Seqanswers Leaderboard Ad

Collapse

Announcement

Collapse
No announcement yet.
X
 
  • Filter
  • Time
  • Show
Clear All
new posts

  • #16
    Why 50

    Originally posted by blakeoft View Post
    You can use bamToBed from bedtools to convert from bam to bed format as you have mentioned. It's quite easy to adjust the start and end site of reads in bed format. I'm not an awk master, so there's probably a better way to do this, but it should work:

    Code:
    awk 'BEGIN {OFS = "\t"} ; {if ($6 == "+") print $1, $2 + 50, $3 + 50, $4, $5, $6; else print $1, $2 - 50, $3 - 50, $4, $5, $6}' alignment.bed > alignment_shifted.bed
    That will shift the start and end forward by fifty base pairs if the strand is +, backward if the strand is -, and print fields 1 through 6. If you need more fields, just tack them on the end.
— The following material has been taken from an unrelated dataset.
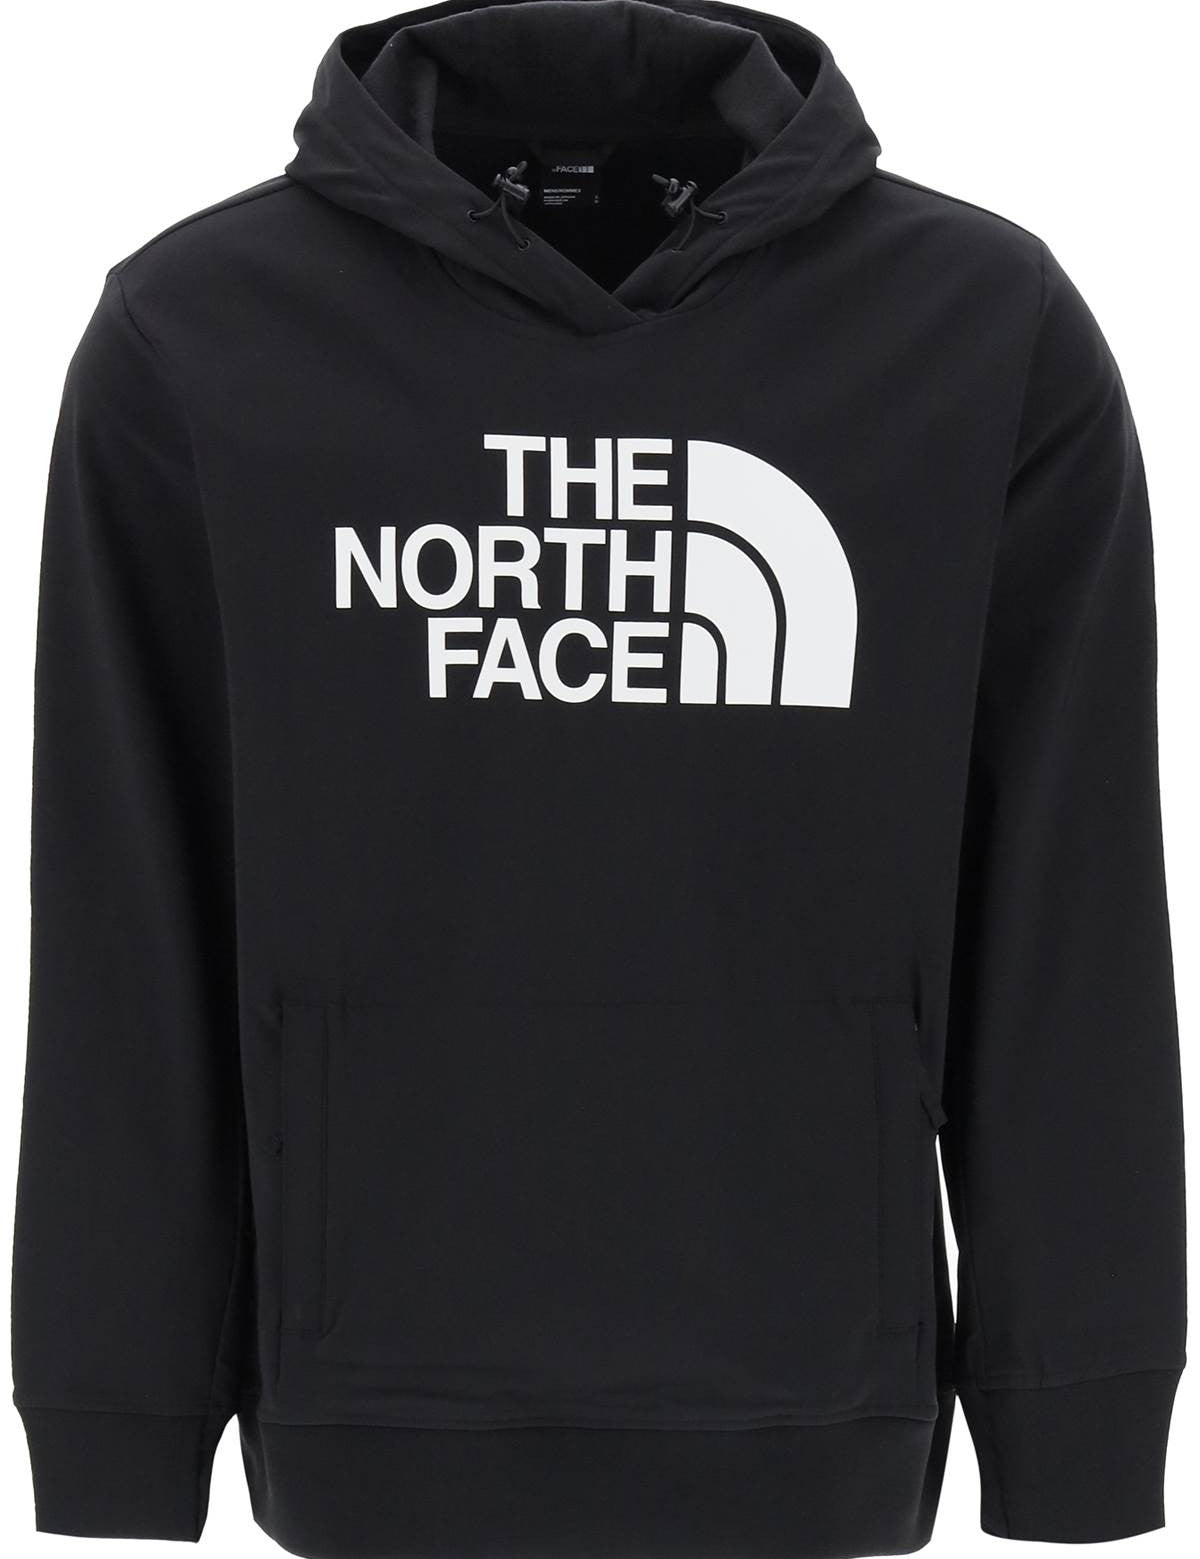 the-north-face-techno-hoodie-with-logo-print_0728a7d3-610a-44ab-a448-2987870e8962.jpg

    I don't think 50 is the number to shift. In Jason's paper, they did "all reads aligning to the + strand were offset by +4 bp, and all reads aligning to the – strand were offset −5 bp". In fact, whether you shift or not, the distribution of reads will not significantly change.

    Comment


    • #17
      Originally posted by dariober View Post
      I was going to say this myself. I treated ATAC-Seq libraries pretty much like ChIP-Seq libraries.

      Trim adapters -> Align (bwa mem) -> Remove reads in blacklist regions if applicable (https://sites.google.com/site/anshul...cts/blacklists) -> Remove reads with MAPQ < 10 or there about -> Remove duplicates (debatable, but I tend to see better results w/o dups) -> call peaks (macs2, with mitochondrial reads removed, see below)

      We find 10s to 100s of thousands of peaks, quite sharp, often mapping to transcription start sites. A feature we find in our data and in the published one is the large number of reads mapping to the mitochondrial genome (up to 40-60%), but it can vary a lot. So I prefer to remove these reads before peak calling.
      Hi Dariober,

      I'm also analyzing ATAC-seq data. I did in a similar way to your procedure:

      1. Map to hg19 with bowtie2 (-X 2000).
      2. Remove reads with MAPQ < 10 and sort bam file using samtools.
      3. Remove duplicates using picard tools.
      4. Merge sorted bam of four replicates together.
      5. Get cutting position for each fragment and visualize cutting frequency (per basepair) in IGV.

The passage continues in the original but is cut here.